Buaksib.com – General Manajer Arema FC, Ruddy Widodo, bua suara terkait rencana naturalisasi lima pemain muda Brasil yang belakangan ini menjadi isu. Sang General Manager mengklaim jika wacana naturalisasi pemain muda tersebut adalah sebuah sindiran bagi kebijakan naturalisasi PSSI selama ini.

Arema FC Klaim Naturalisasi Pemain Muda Sindiran untuk PSSI
Ruddy Widodo.

 

“Selama ini, PSSI menaturalisasi pemain-pemain yang sudah memasuki usia senja di sepak bola. Nah, ini ada pemain-pemain muda. Jika ingin menaturalisasi, merekalah yang seharusnya dinaturalisasi,” ungkap Ruddy.

“Ini merupakan sebuah sentilan ke PSSI,” lanjutnya.

Menurutnya, ada beberapa kelebihan dengan melakukan naturalisasi pemain muda, bukannya malah melakukan hal itu saat sudah mulai berumur. General Manager Arema FC tersebut mengklaim jika masa bakti para pemain tersebut bersama timnas bisa lebih Panjang.

“Mereka kan bisa bermain untuk jangka panjang. Ada banyak kesempatan bagi mereka untuk memperkuat timnas,” lanjutnya.

Terakhir, muncul isu tentang datangnya beberapa pemain muda asing dari Brasil ke beberapa klub di Indonesia.
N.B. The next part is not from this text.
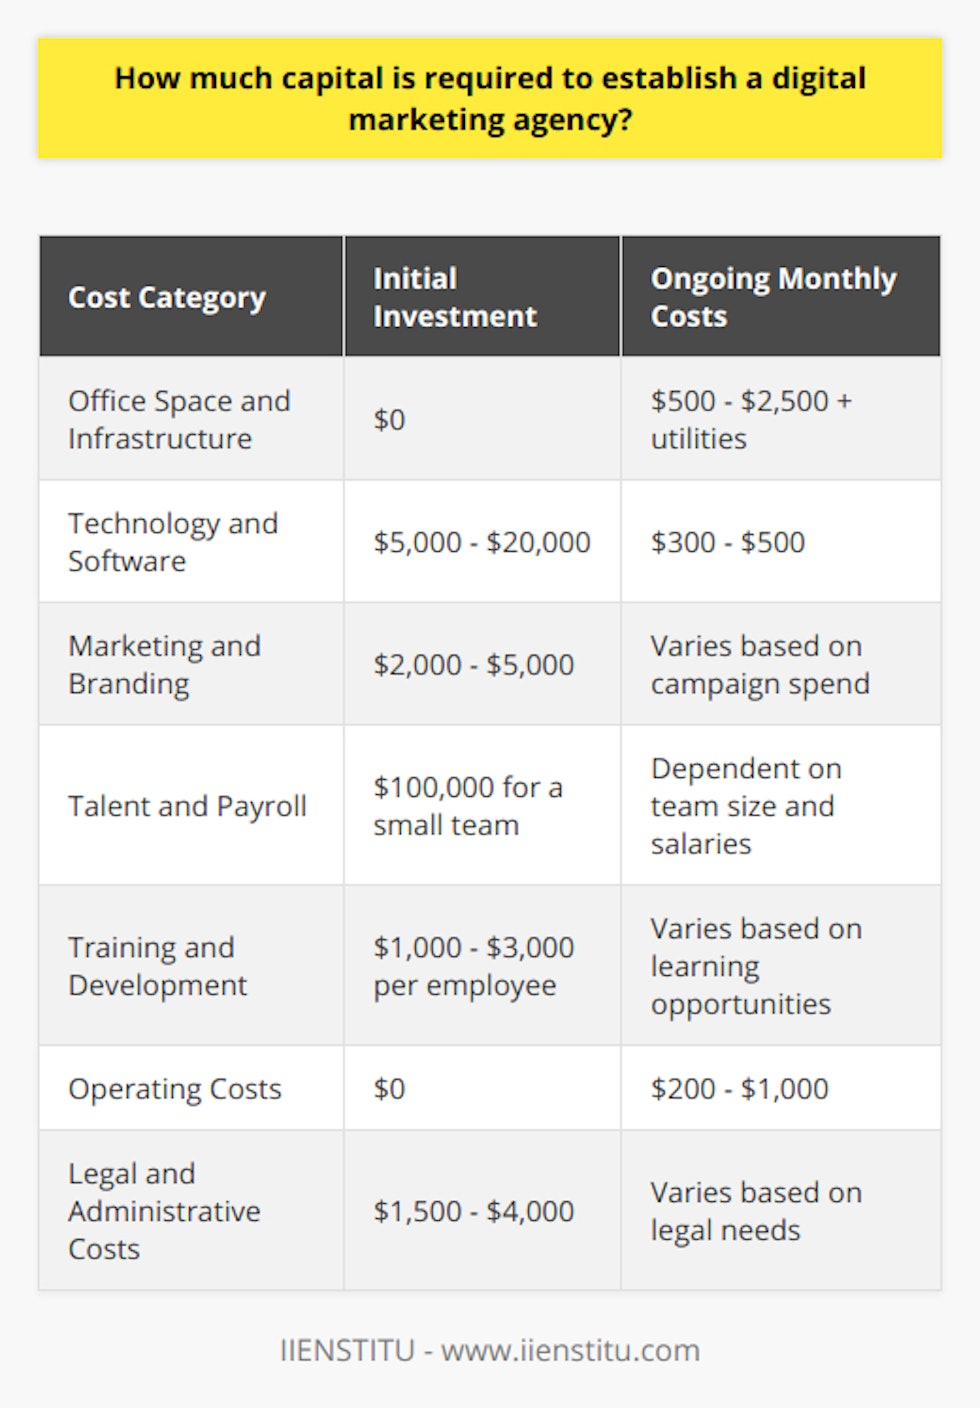 Establishing a digital marketing agency is a dynamic venture that requires a thoughtful investment in several key areas. Here's a breakdown of the primary costs involved in setting up such an agency:1. **Office Space and Infrastructure**: While a digital marketing agency can operate remotely, having a dedicated workspace for collaboration and meetings can be advantageous. Leasing a small office could cost from $500 to $2,500 monthly, depending on location and size, with additional utility fees.2. **Technology and Software**: Crucial investments include computers, tablets, and smartphones. Budgeting for industry-standard software tools for SEO, email marketing, graphic design, and project management is also essential. This could amount to approximately $300 to $500 per month on a subscription basis, while initial hardware setup may require an outlay from $5,000 to $20,000.3. **Marketing and Branding**: Your own marketing is a testament to your capabilities. Initially, invest $2,000 to $5,000 in website creation and development, including SEO, content marketing, and PPC campaigns to attract leads. Ongoing marketing costs should be anticipated for continuous outreach and branding efforts.4. **Talent and Payroll**: A team of qualified professionals for creative, technical, and strategic roles is the backbone of the agency. An entry-level digital marketer's salary might range from $30,000 to $50,000 a year, with senior positions and specialized roles demanding higher salaries. Plan to set aside at least $100,000 for the first year if hiring a small team.5. **Training and Development**: Knowledge is pivotal in digital marketing. Allocating around $1,000 to $3,000 annually per employee for attending webinars, courses, and conferences -- such as those provided by IIENSTITU -- ensures the team remains at the forefront of industry trends.6. **Operating Costs**: These include recurring expenses such as internet bills, cloud storage, phone lines, and office supplies, which can range from $200 to $1,000 monthly.7. **Legal and Administrative Costs**: Registering the business, obtaining licenses, and having solid contracts and legal support might cost from $1,500 to $4,000 upfront.Therefore, the ballpark figure for establishing a moderately outfitted digital marketing agency might range from $65,000 to $150,000. This encompasses a lean team, initial marketing push, essential technology and software, and compliance with legal requirements. These estimates can vary widely depending on the scale, location, and ambition of the agency. Consequently, a well-structured business plan and careful financial management are paramount for a successful launch and sustained growth in the competitive landscape of digital marketing.

Kemudian, muncul spekulasi jika lima pemain muda tersebut akan dinaturalisasi agar bisa memperkuat Timnas Indonesia di ajang Piala Dunia U-20 2021.

Lima pemain muda tersebut tersebar di tiga klub, Arema FC, Persija Jakarta, dan Madura United. Di Arema sendiri, ada sosok Hugo Grillo dan Pedro Bartolli.

Arema FC Tak Mau Ikut Campur

Kemudian, Ruddy Widodo menekankan jika Arema FC tak mau ikut campur dengan masalah ini meski dua pemainnya akan ikut dalam proyek naturalisasi PSSI. Menurutnya, Pedro dan Hugo didatangkan oleh pihak manajemen akan digunakan untuk memenuhi kebutuhan mereka sendiri.

“Sejak awal, kami ingin berinvestasi pada pemain asing berusia muda. Kami datangkan Pedro dan Hugo untuk tujuan tersebut,” ucap Ruddy.

“Jika nanti pada perjalanannya mereka dinaturalisasi, kami anggap ini bentuk dukungan Arema terhadap timnas. Namun, jika tidak pun tak masalah. Toh, tujuan awal mereka didatangkan adalah untuk kepentingan klub sendiri,” ia mengakhiri.